If they are feared as sinisterly cerebral, they are also pitied as bumbling figures who wear their underpants back to front,
harmless eccentrics who know the value of everything and the price of nothing. Alternatively, you can reject both viewpoints
and see intellectuals as neither dispassionate nor ineffectual, denouncing them instead as the kind of dangerously partisan
ideologues who were responsible for the French and Bolshevik revolutions. Their problem is fanaticism, not frigidity. Whichever
way they turn, the intelligentsia get it in the neck. Oh woe is me, Terry seems
to be saying. In the age of Sontag, Said, Williams and Chomsky, whole sectors of the left behave as though these
men and women were no longer possible. Soon, no doubt, they will take to imitating the nervous tic by which the right ritually
inserts the expression "so-called" before the word "intellectual". Right-wingers do this because they imagine that "intellectual"
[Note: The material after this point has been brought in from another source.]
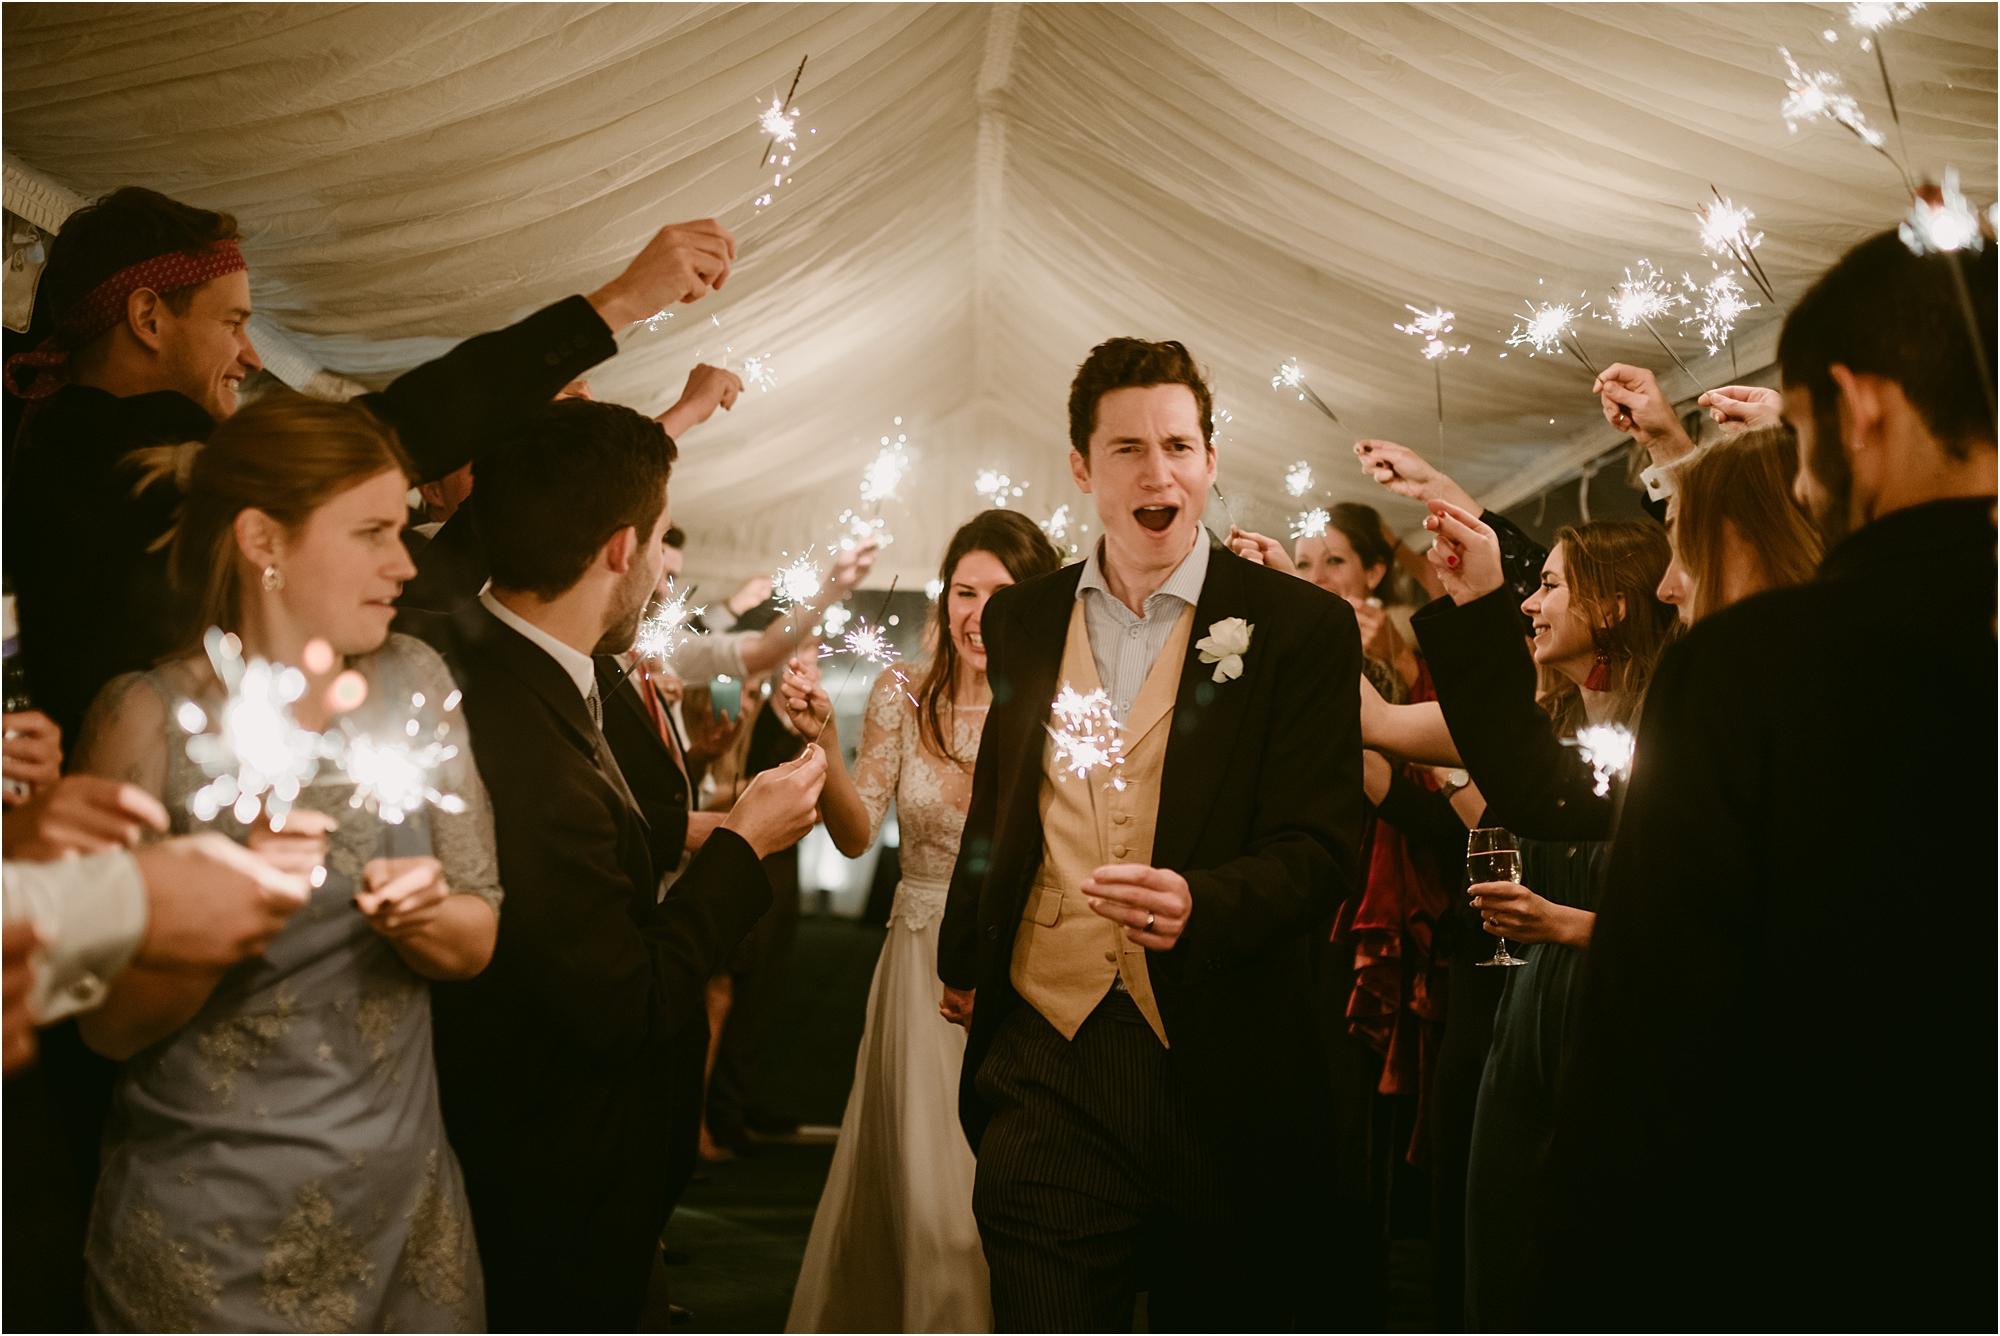 Rose+Harry-outdoor-english-wedding-photography__0129.jpg

means "frightfully clever", a compliment they are naturally reluctant to pay to their opponents. In fact, there are dim-witted
intellectuals just as there are incompetent chefs. The word "intellectual" is a job description, not a commendation. Ah, so no one really knows
anything much these days. There is no big picture. A society obsessed with the knowledge economy, Furedi argues, is oddly wary of knowledge. This
is because truth is no longer precious for its own sake. Huh? I’ll have to think about that last comment – but not too hard.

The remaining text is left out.